Abstract
We present a systematic assessment of polygenic risk score (PRS) prediction across more than 1,600 traits using genetic and phenotype data in the UK Biobank. We report 428 sparse PRS models with significant (p < 2.5 × 10−5) incremental predictive performance when compared against the covariate-only model that considers age, sex, and the genotype principal components. We report a significant correlation between the number of genetic variants selected in the sparse PRS model and the incremental predictive performance in quantitative traits (Spearman’s ρ = 0.54, p = 1.4 × 10−15), but not in binary traits (ρ = 0.059, p = 0.35). The sparse PRS model trained on European individuals showed limited transferability when evaluated on individuals from non-European individuals in the UK Biobank.

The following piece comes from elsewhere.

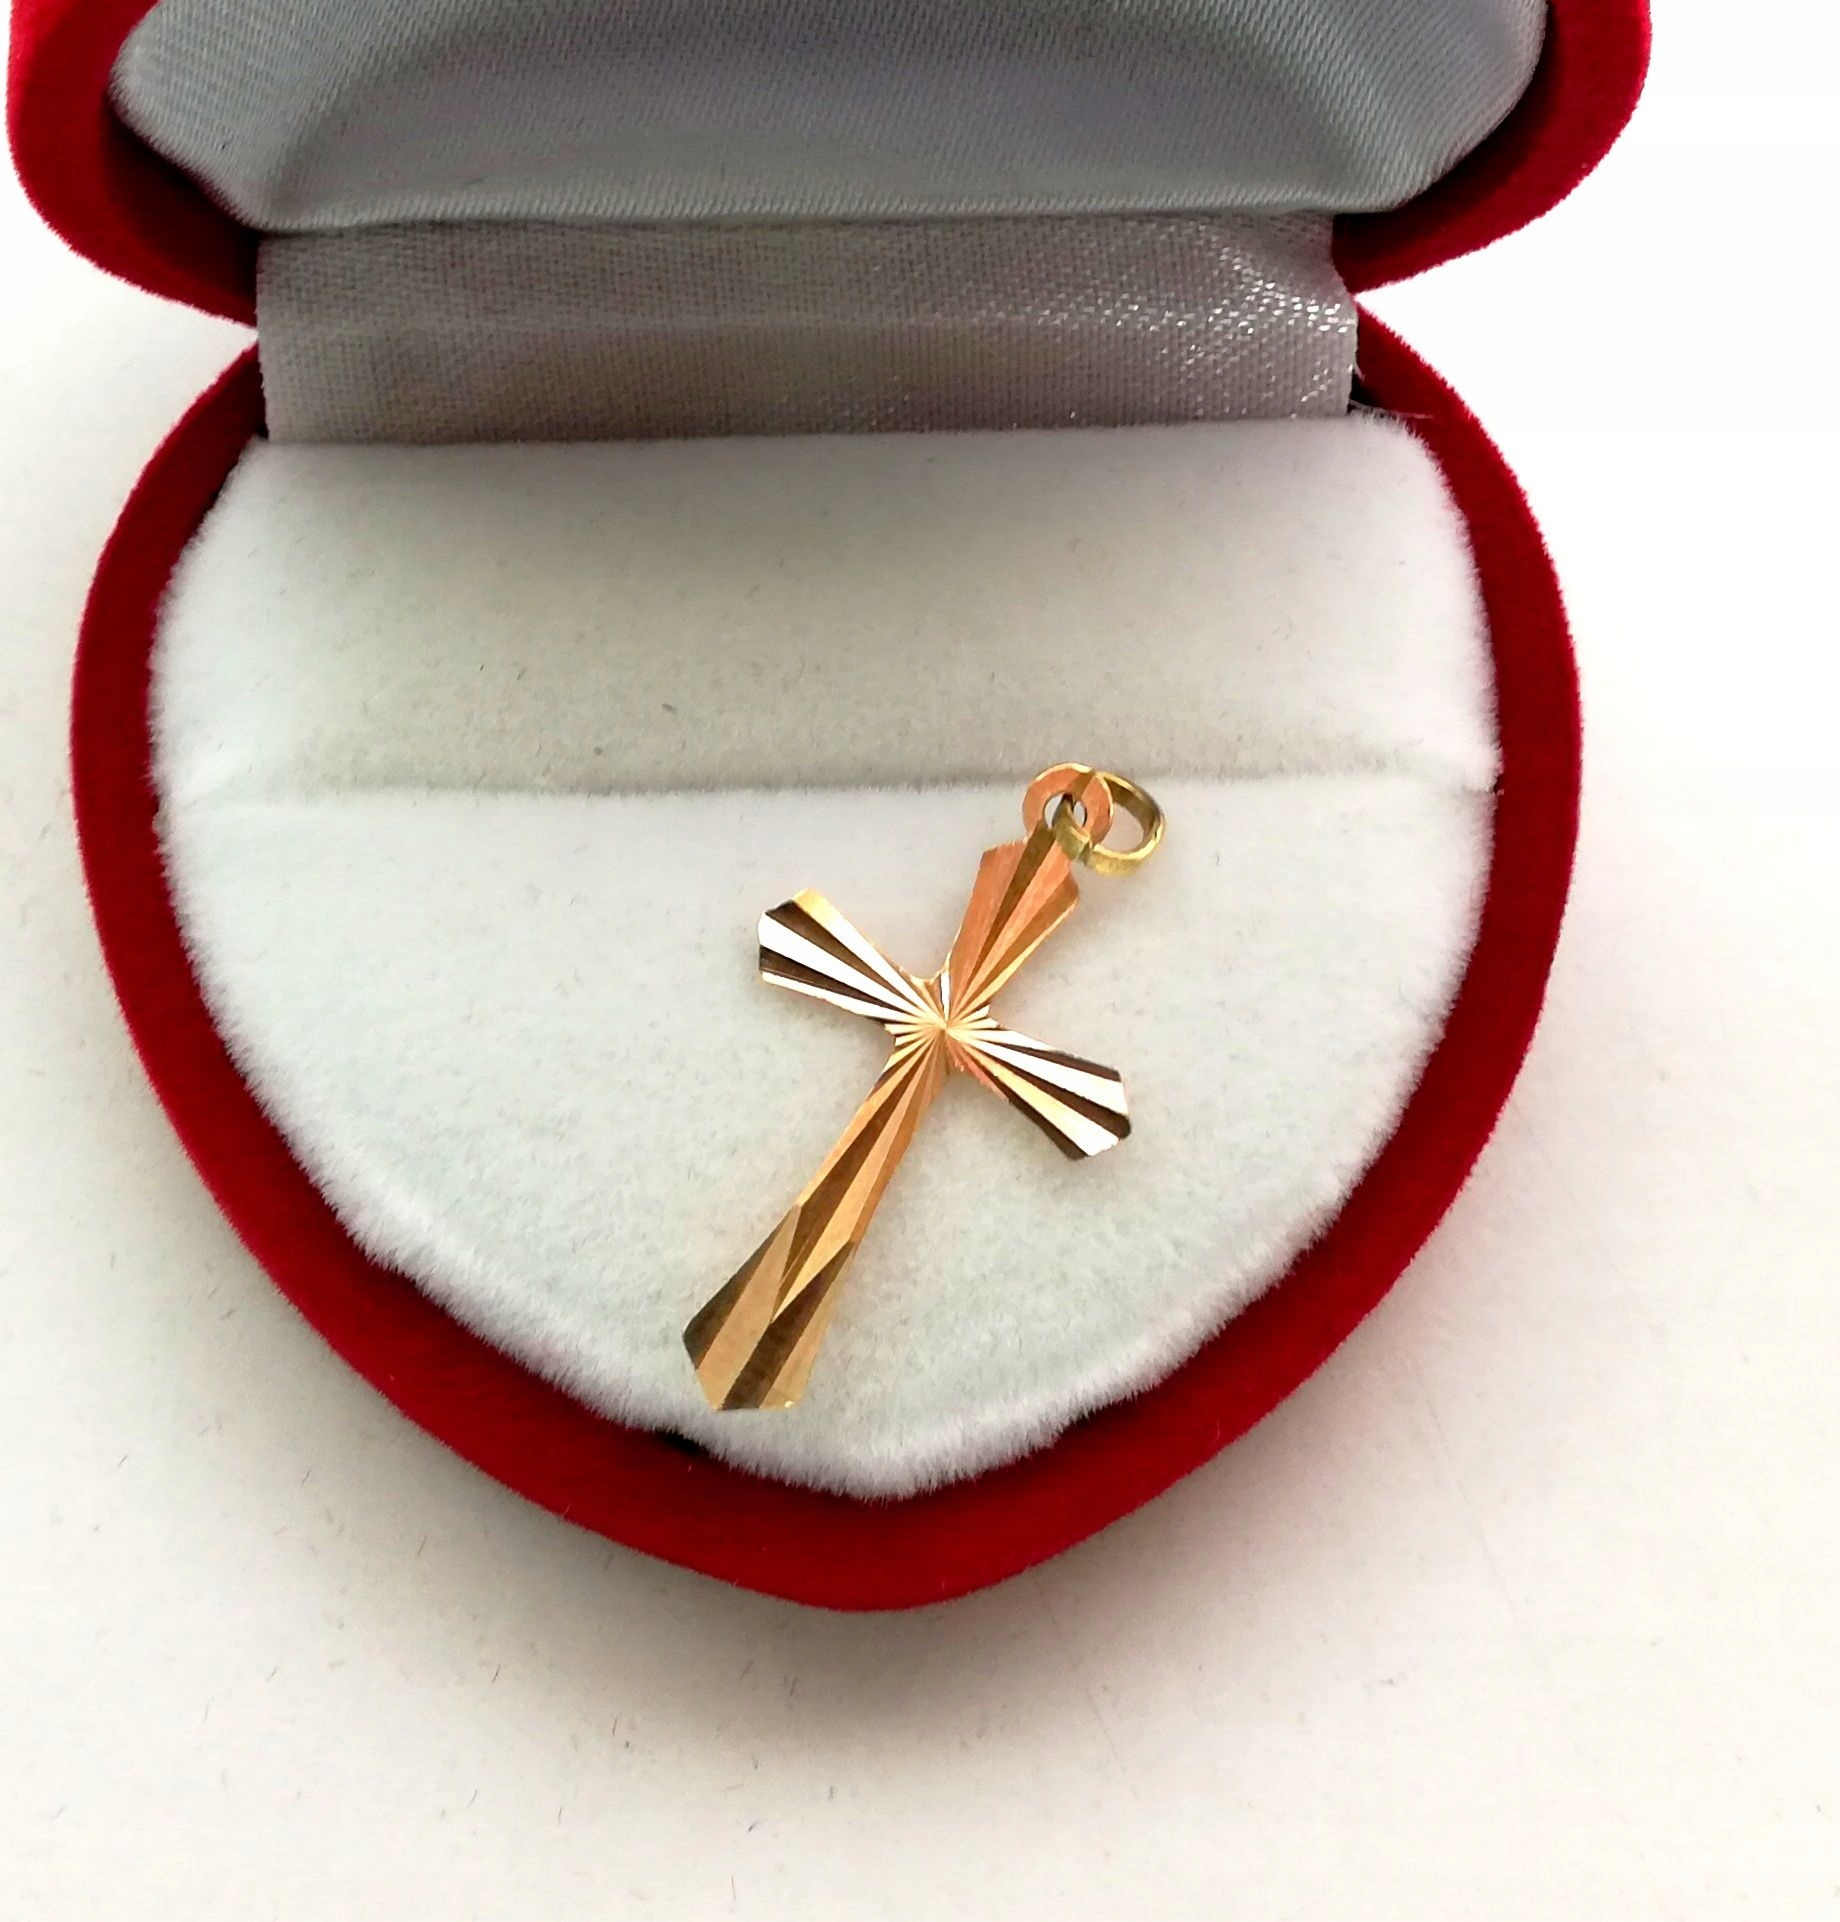 Złoty krzyżyk 14-Karatowy /585/,36g Okazja!

We provide the PRS model weights on the Global Biobank Engine (https://biobankengine.stanford.edu/prs).
Competing Interest Statement
M.A.R is on the SAB of 54Gene and Computational Advisory Board for Goldfinch Bio and has advised BioMarin, Third Rock Ventures, MazeTx, and Related Sciences.
Funding Statement
This work has been supported by the Funai Foundation for Information Technology [to Y.T.]; Stanford University School of Medicine [to R.L.; Y.T.; and M.A.R.]; National Institute of Health center for Multi and Trans-ethnic Mapping of Mendelian and Complex Diseases [5U01 HG009080 to M.A.R]; National Human Genome Research Institute of the National Institutes of Health [R01HG010140 to M.A.R.]; National Institute of Health [5R01 EB001988-16 to R.T., 5R01 EB 001988-21 to T.H.]; and National Science Foundation [19 DMS1208164 to R.T., DMS-1407548 to T.H.].
Author Declarations
I confirm all relevant ethical guidelines have been followed, and any necessary IRB and/or ethics committee approvals have been obtained.
Yes
The details of the IRB/oversight body that provided approval or exemption for the research described are given below:
Based on the information provided in Protocol 44532, the Stanford IRB has determined that the research does not involve human subjects as defined in 45 CFR 46.102(f) or 21 CFR 50.3(g).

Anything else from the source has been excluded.